Dataset content
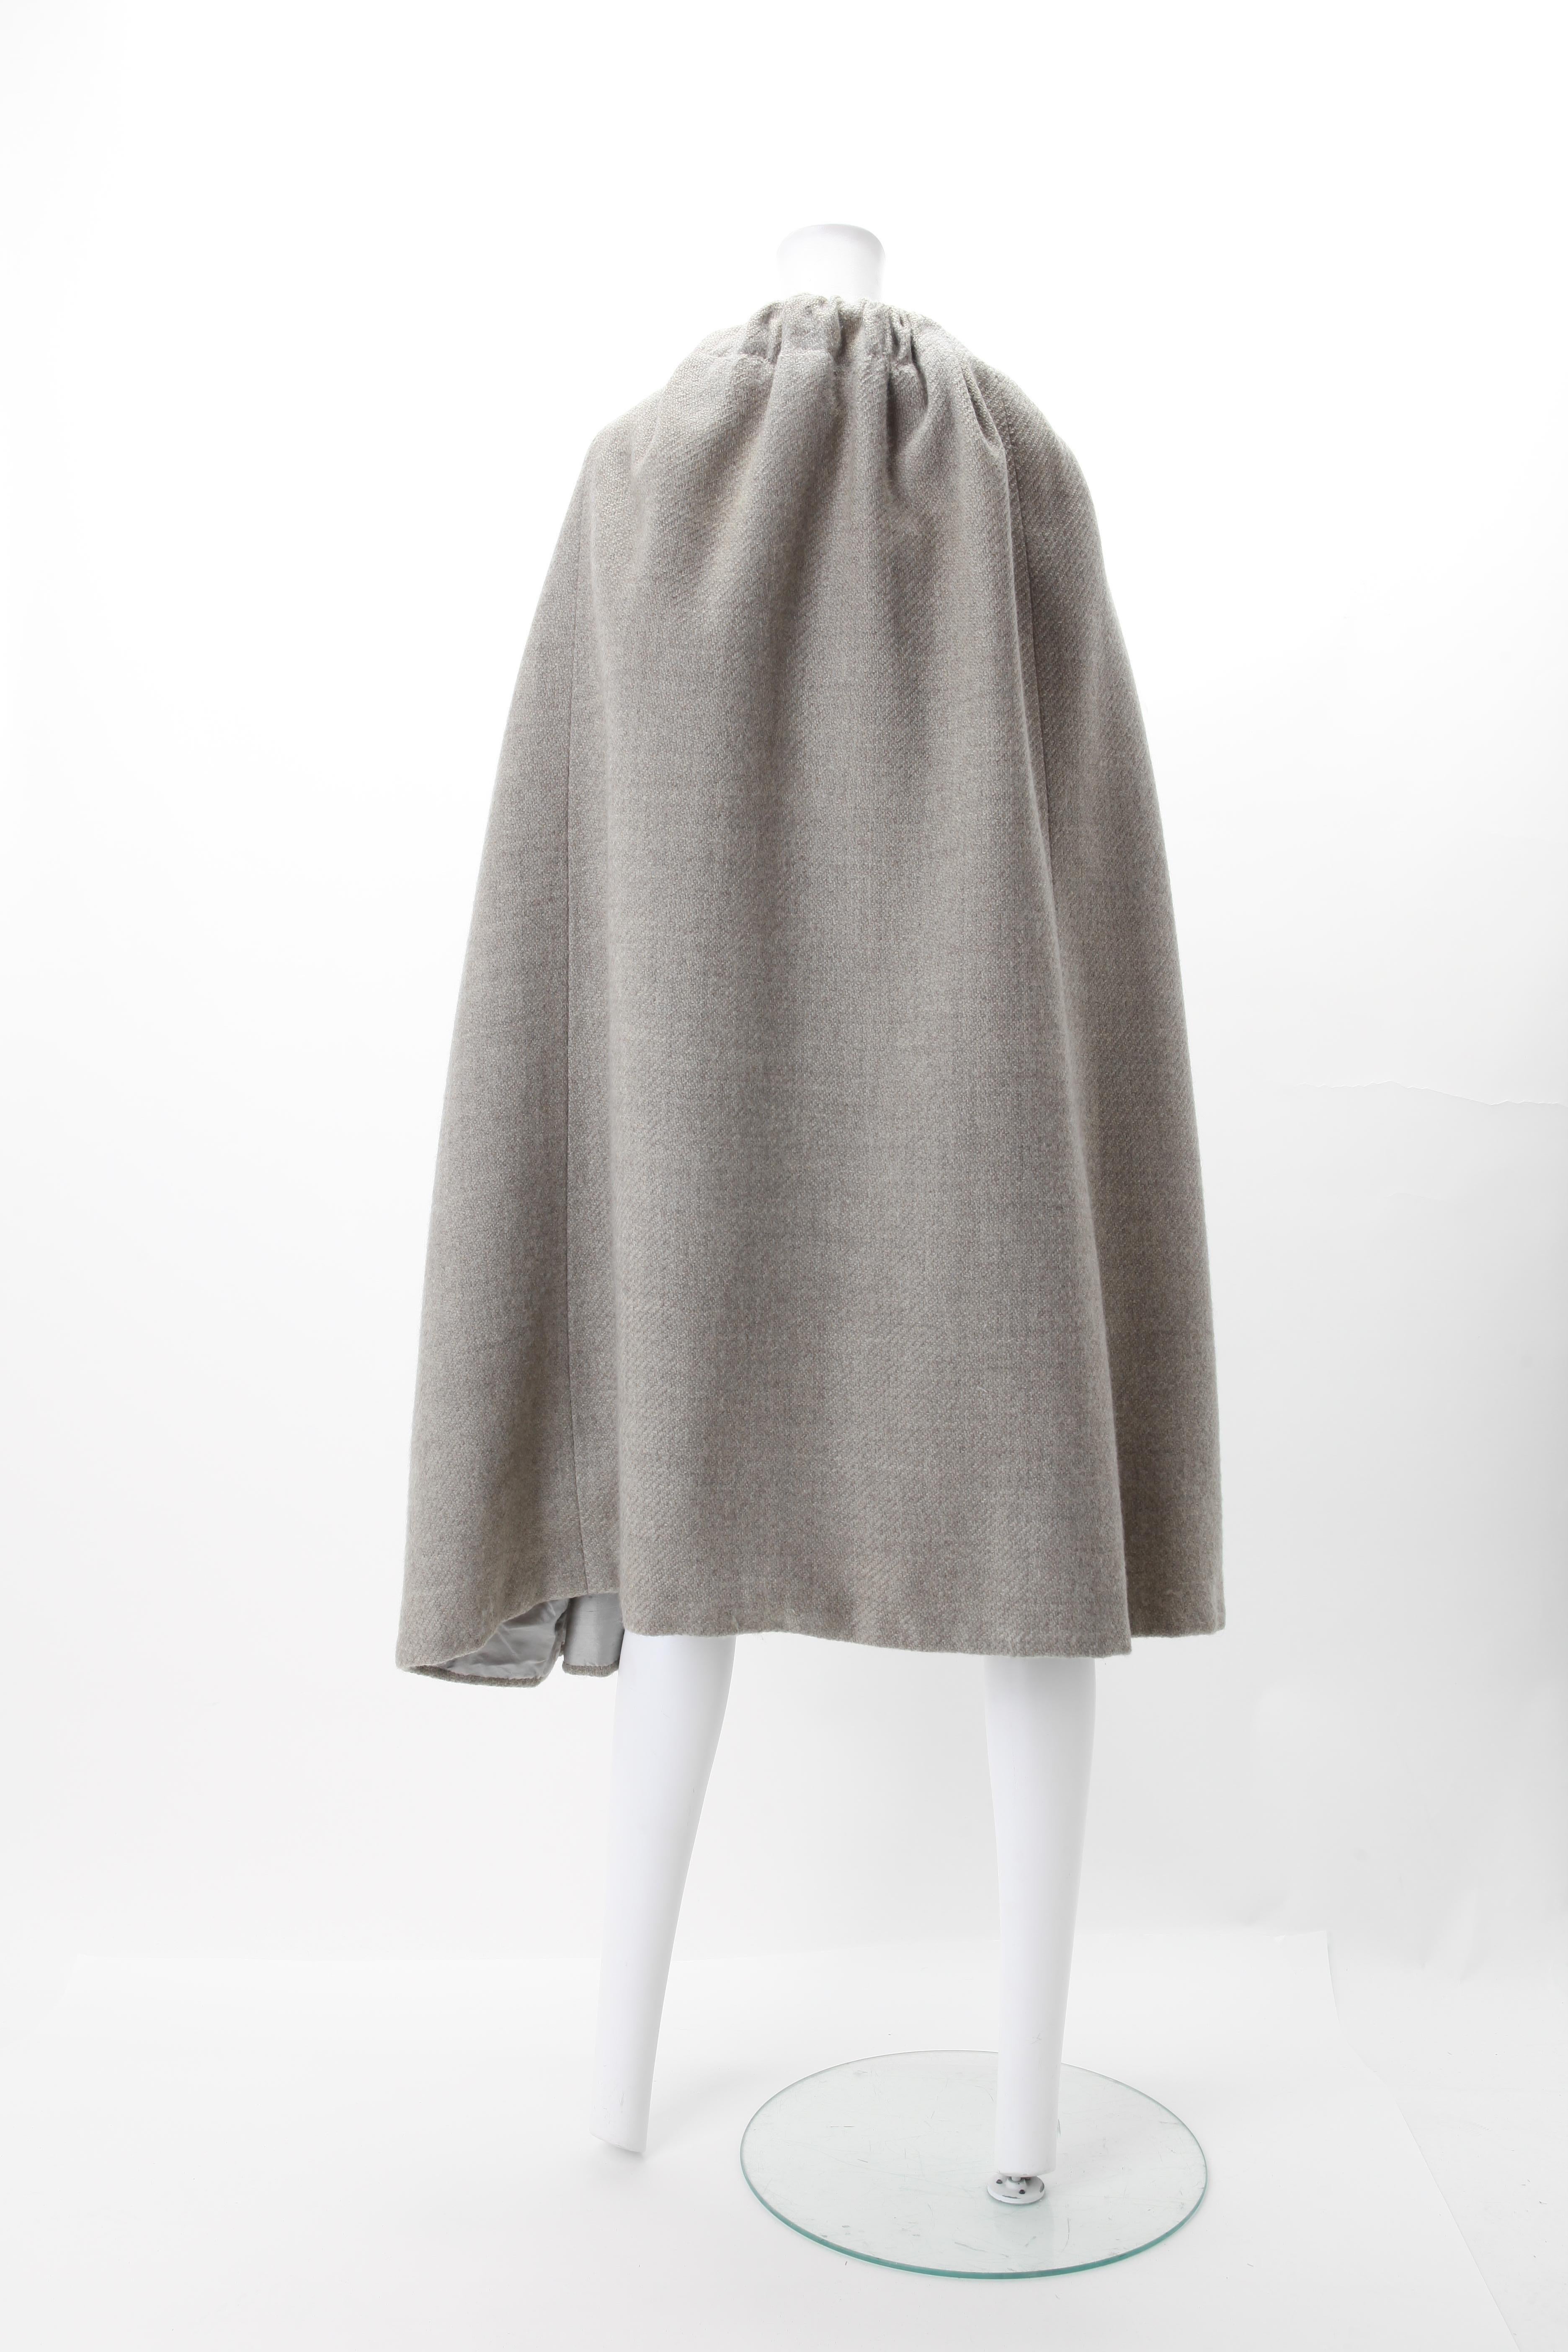 Cape en tricot de laine Balenciaga Couture, c.1970
cape en laine grise Balenciaga Couture des années 1970, numérotée 
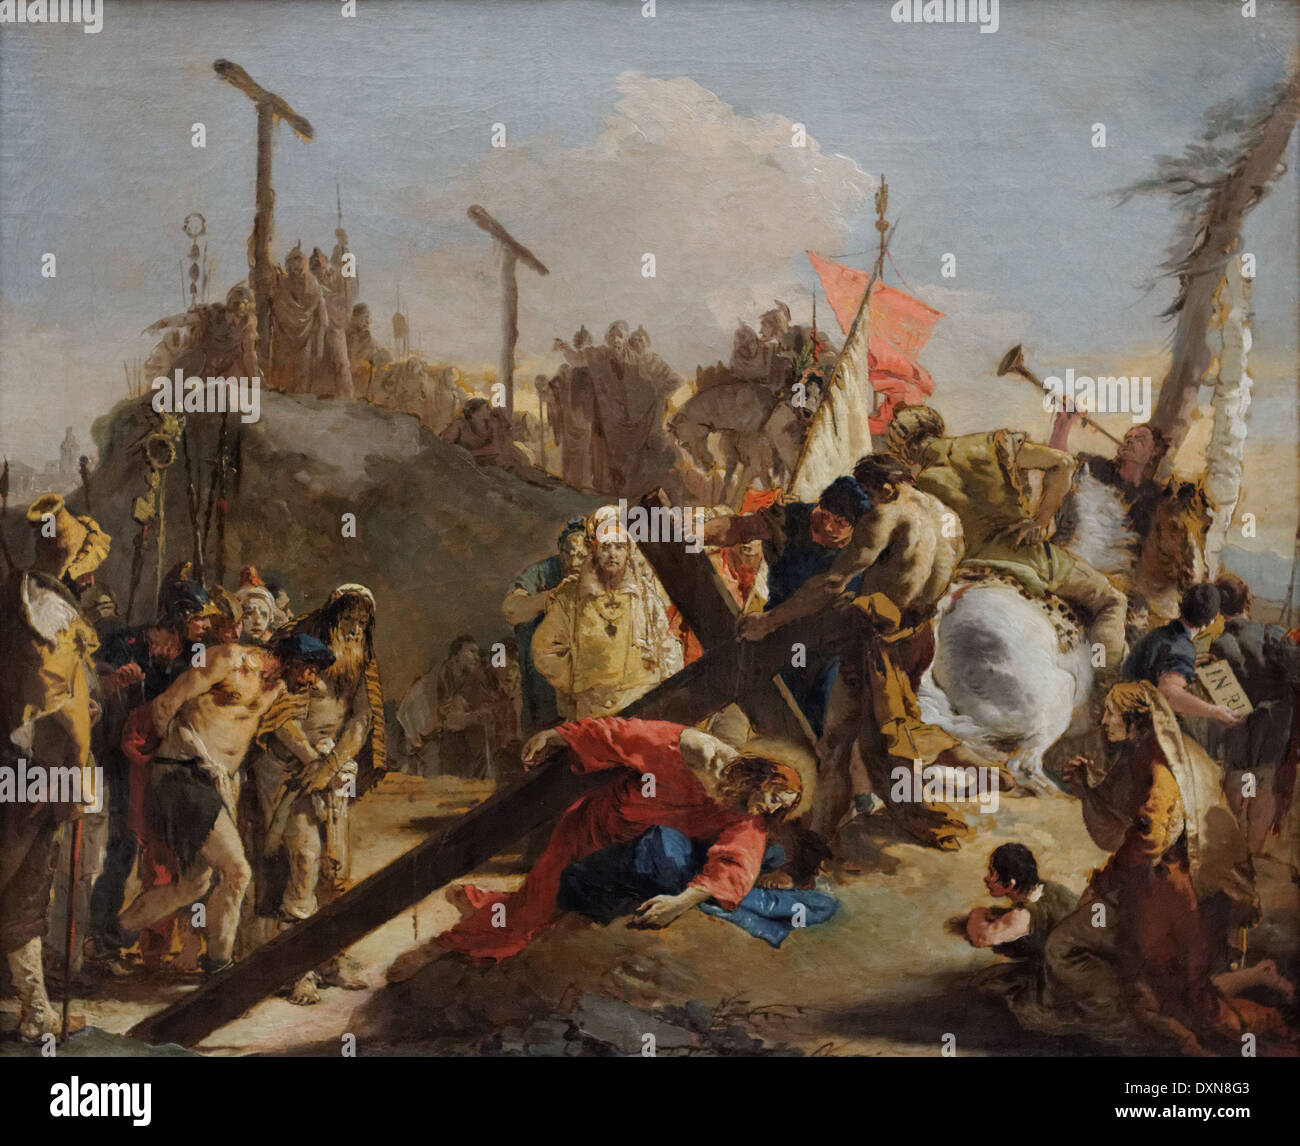 Giovanni Battista Tiepolo - Le Christ portant la croix - 1738 - XVIII ème siècle - École italienne - Gemäldegalerie - Berlin Banque D'Images
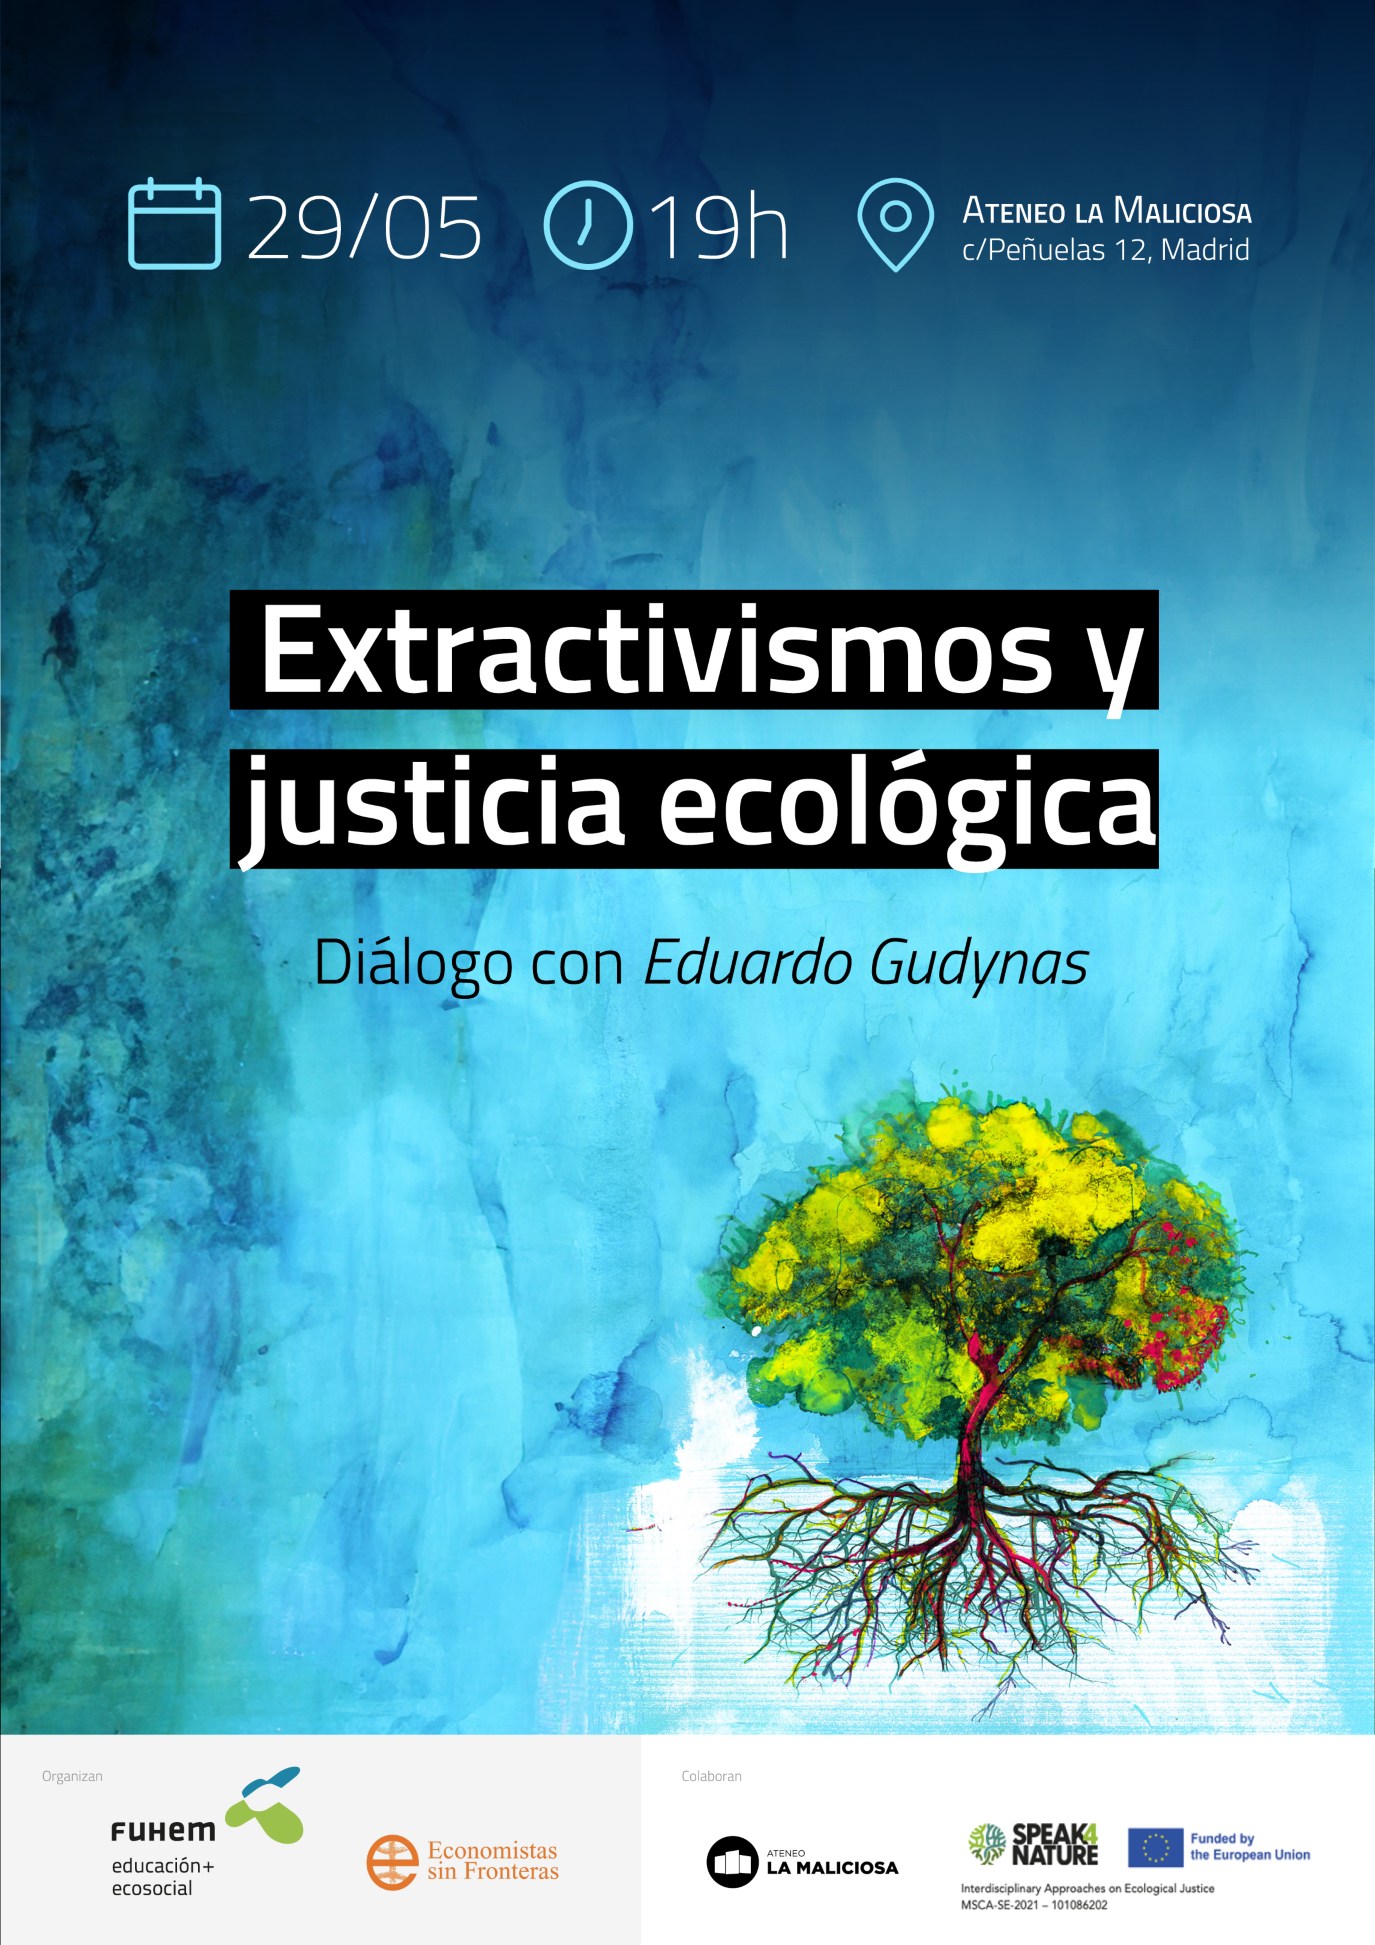 Extractivismos y justicia ecológica. Diálogo con Eduardo Gudynas.

What you need to do
Reproduce the data above without a single change, please, but without its pictures.

Expected answer
 Cape en tricot de laine Balenciaga Couture, c.1970
cape en laine grise Balenciaga Couture des années 1970, numérotée 
 Giovanni Battista Tiepolo - Le Christ portant la croix - 1738 - XVIII ème siècle - École italienne - Gemäldegalerie - Berlin Banque D'Images
 Extractivismos y justicia ecológica. Diálogo con Eduardo Gudynas.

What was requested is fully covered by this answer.